かなり期待した。一昨日飛行機の中で、少し見ている。(別項参照) 一刻も早く見たくてワクワクしながら公開初日に劇場に行く。だが、残念ながら今回の映画は失敗している。
だいたいこの作品はシリーズ化して続編を作るべき作品ではなかったと改めて思う。1本の読み切り映画なのだ。なのに予想外の大ヒットからシリーズ物になってしまった不幸な映画なのである。
第一作は105分で、決して大作ではなかったはず。なのにアクションはエスカレートしてどんどん肥大化して、やがては収拾がつかなくなった。この第4作は完結編というより、仕方なく終わらせてしまうための映画になった気がする。だけど終わらせるならやりたい放題したい。そんな映画だ。
それにしても169分は長い。なんと2時間49分である。あり得ない長さだ。内容はない。ジョン・ウィックが組織のボスを倒すまでが描かれる。前半の大阪篇は、導入部で、親友の真田広之を頼って大阪に来たジョンを組織が追いかけてきてのバトル。真田広之とドニー・イェンの対決がクライマックス。
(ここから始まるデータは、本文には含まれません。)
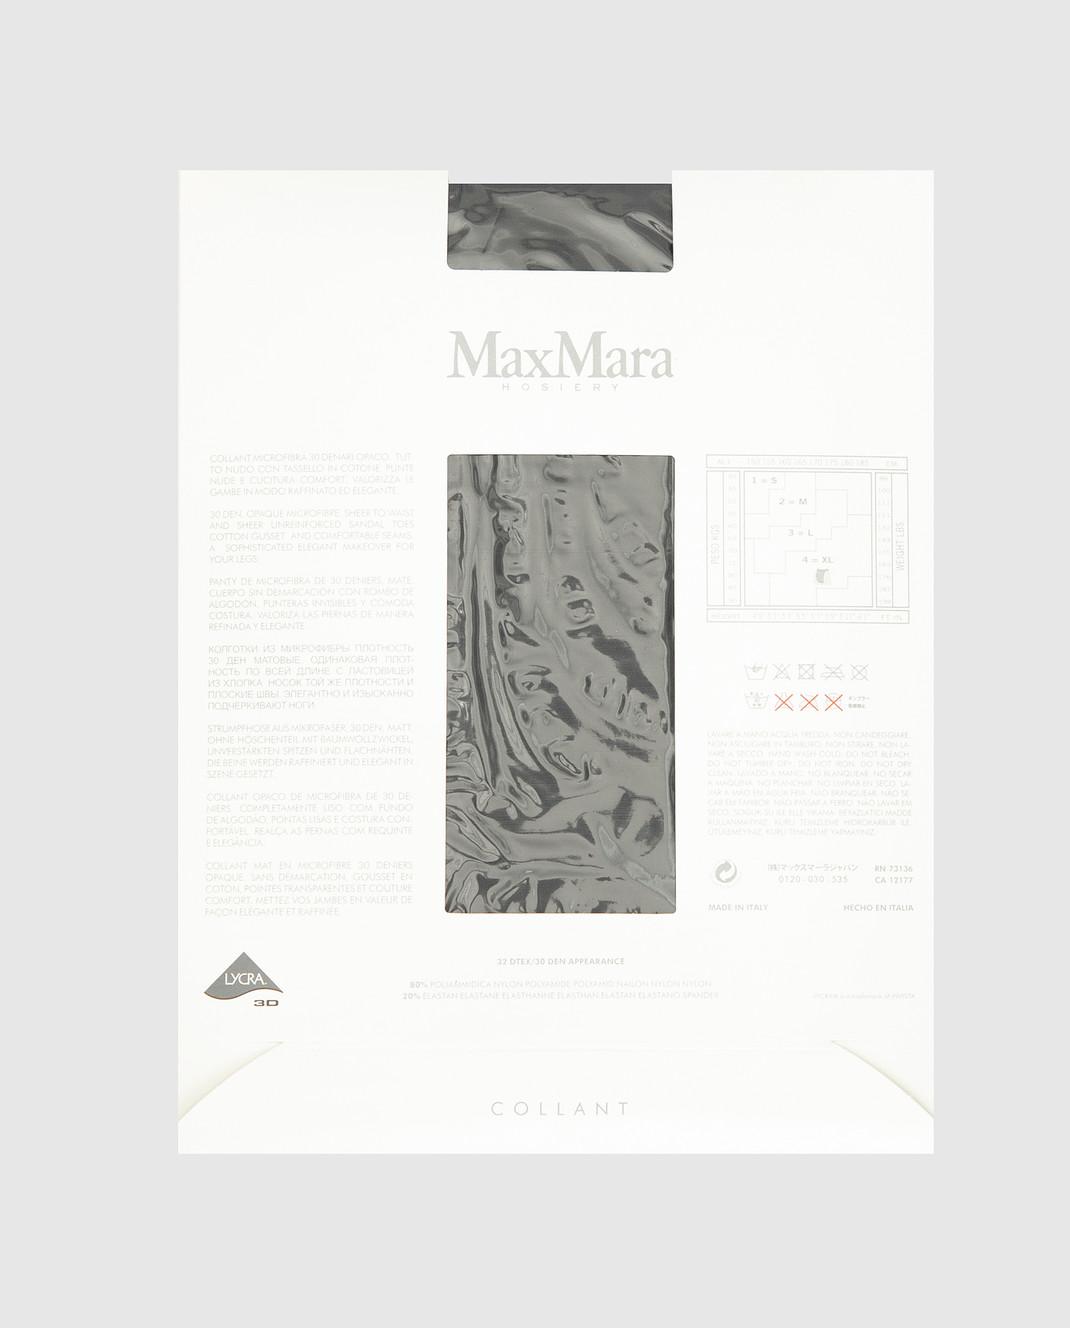 Max Mara Темно-серые колготы 30 ден изображение 4

これがちょっとあっけなくてガッカリ。
この後の2時間も怒濤の展開だが、その前に地下鉄で梅田駅まで向かうジョンが描かれる。車両内には誰もいない。確か刀を持っていたような。そこに真田の娘が乗り込んできて、あなたを許さないとか言う。とんでもない大阪が描かれる。まぁそれはいつもの事だけど。
それにしてもパリ篇が凄い。凱旋門の周りでひっきりなしに車が走る中でのアクションは凄まじい。さらにはクライマックスのサクレクールの長い階段を上りで見せるアクション。ジョンはあの石段の上に辿り着くか。階段の上から下までまさかの階段落ちは『蒲田行進曲』の悲壮なシーンを思い出す。もちろん階段の長さは数倍ある。あそこから落ちて死なないなんて有り得ないし、それどころじゃない。再び立ち上がって登っていくし、まだまだ戦っている。しかも登ったところからドニーイェンとの戦いが待っているのだ。
大阪の後パリに行くまでにも怒濤の戦いが描かれるのだが、さすがに長すぎて、アクションシーンの途中で何回か居眠りしてしまう。だが、起きたらまだ続きをやっているのだ。それってなんか別の意味で凄くないか。
『ミッション・インポッシッブル』の長さにも驚いたが、今回はそれ以上の驚き。延々と単調になるまで派手な肉弾戦を見せる。昔のジャッキー映画を思わず思い出したくらいだ。いやはや。